For information about how to modify your kernel command line arguments, refer to your respective platform documentation. For bootloaders based on U-Boot, you can usually modify the arguments either by modifying the bootargs U-Boot environment variable or by setting othbootargs environment variable as follows:

=> setenv othbootargs gasket.dma_bit_mask=32
=> printenv othbootargs
=> saveenv

If you make the above change and then receive errors such as, DMA: Out of SW-IOMMU space, then you need to increase the swiotlb buffer size by adding another kernel command line argument: swiotlb=65536.

pcieport error

If you see a lot of errors such as the following:

pcieport 0000:00:01.0: PCIe Bus Error: severity=Corrected, type=Data Link Layer, id=0008(Transmitter ID)
pcieport 0000:00:01.0: device [10de:0fae] error status/mask=00003100/00002000
pcieport 0000:00:01.0: [ 8] RELAY_NUM Rollover
pcieport 0000:00:01.0: [12] Replay Timer Timeout
pcieport 0000:00:01.0: PCIe Bus Error: severity=Uncorrected (Non-Fatal), type=Transaction Layer, id=0008(Requester ID)
pcieport 0000:00:01.0: device [10de:0fae] error status/mask=00004000/00000000

... You should be able to solve it if you modify your kernel command line arguments to include pcie_aspm=off.

For information about how to modify your kernel command line arguments, refer to your respective platform documentation.
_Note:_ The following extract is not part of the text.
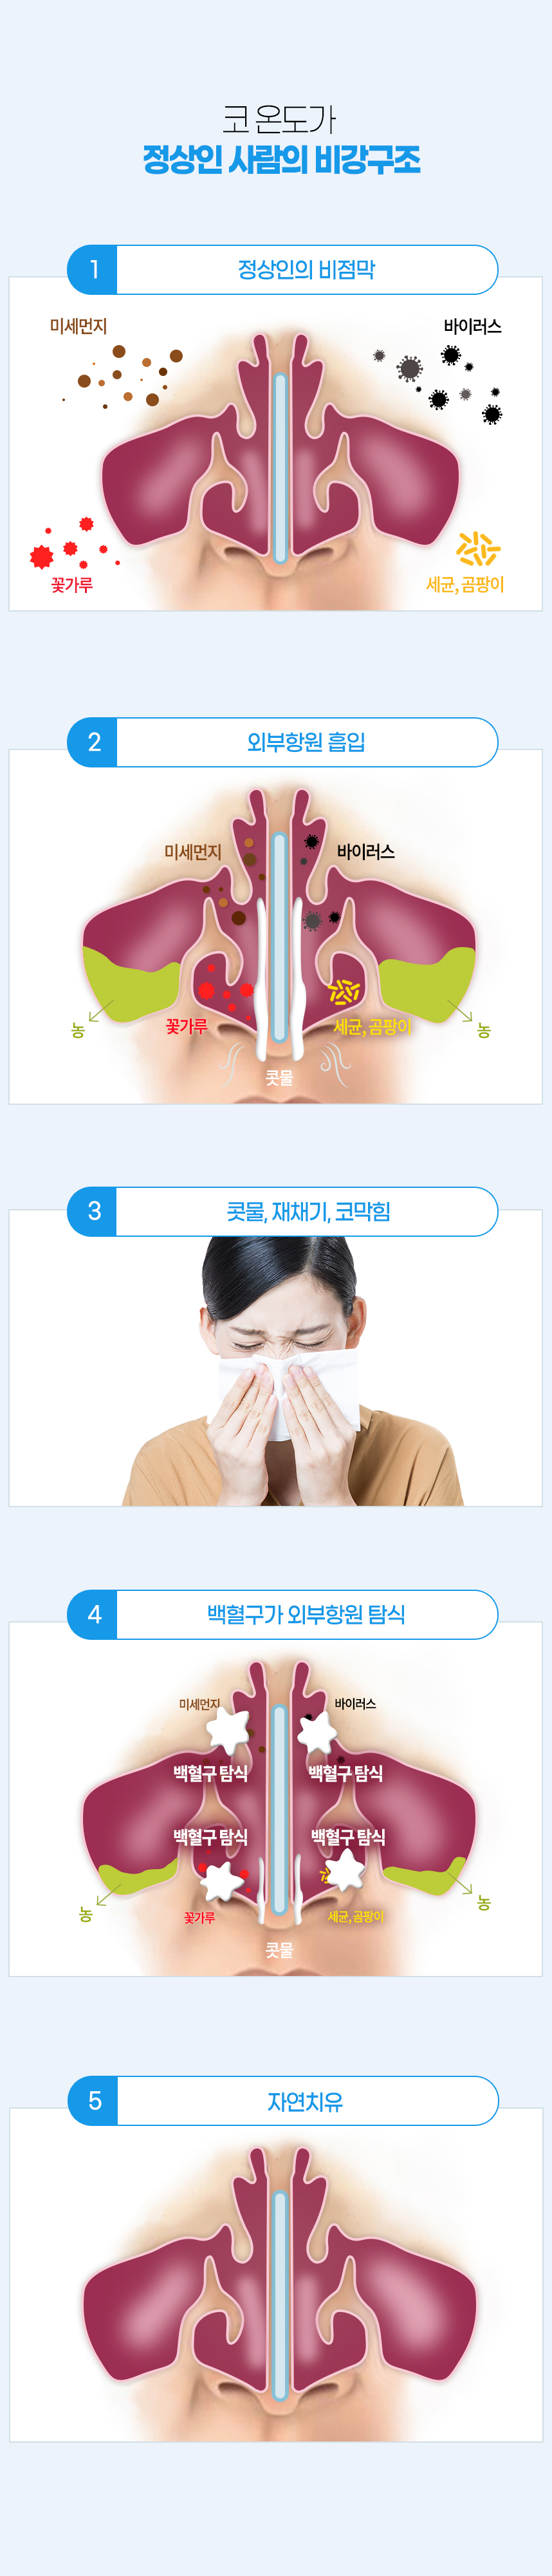 코 온도가 정상인 사람의 비강구조

If your device includes U-Boot, see the previous HIB error for an example of how to modify the kernel commands. For certain other devices, you might instead add pcie_aspm=off to an APPEND line in your system /boot/extlinux/extlinux.conf file:

LABEL primary
      MENU LABEL primary kernel
      LINUX /boot/Image
      INITRD /boot/initrd
      APPEND ${cbootargs} quiet pcie_aspm=off

Workaround to disable Apex and Gasket

The following procedure is necessary only if your system includes a pre-build driver for Apex devices (as per the first steps for installing the PCIe driver). Due to a bug, updating this driver with ours can fail, so you need to first disable the apex and gasket modules as follows:

  1. Create a new file at /etc/modprobe.d/blacklist-apex.conf and add these two lines:

    blacklist gasket
    blacklist apex
  2. Reboot the system.

  3. Verify that the apex and gasket modules did not load by running this:

    lsmod | grep apex

    It should print nothing.

  4. Now follow the rest of the steps to install the PCIe driver.

  5. Finally, delete /etc/modprobe.d/blacklist-apex.conf and reboot your system.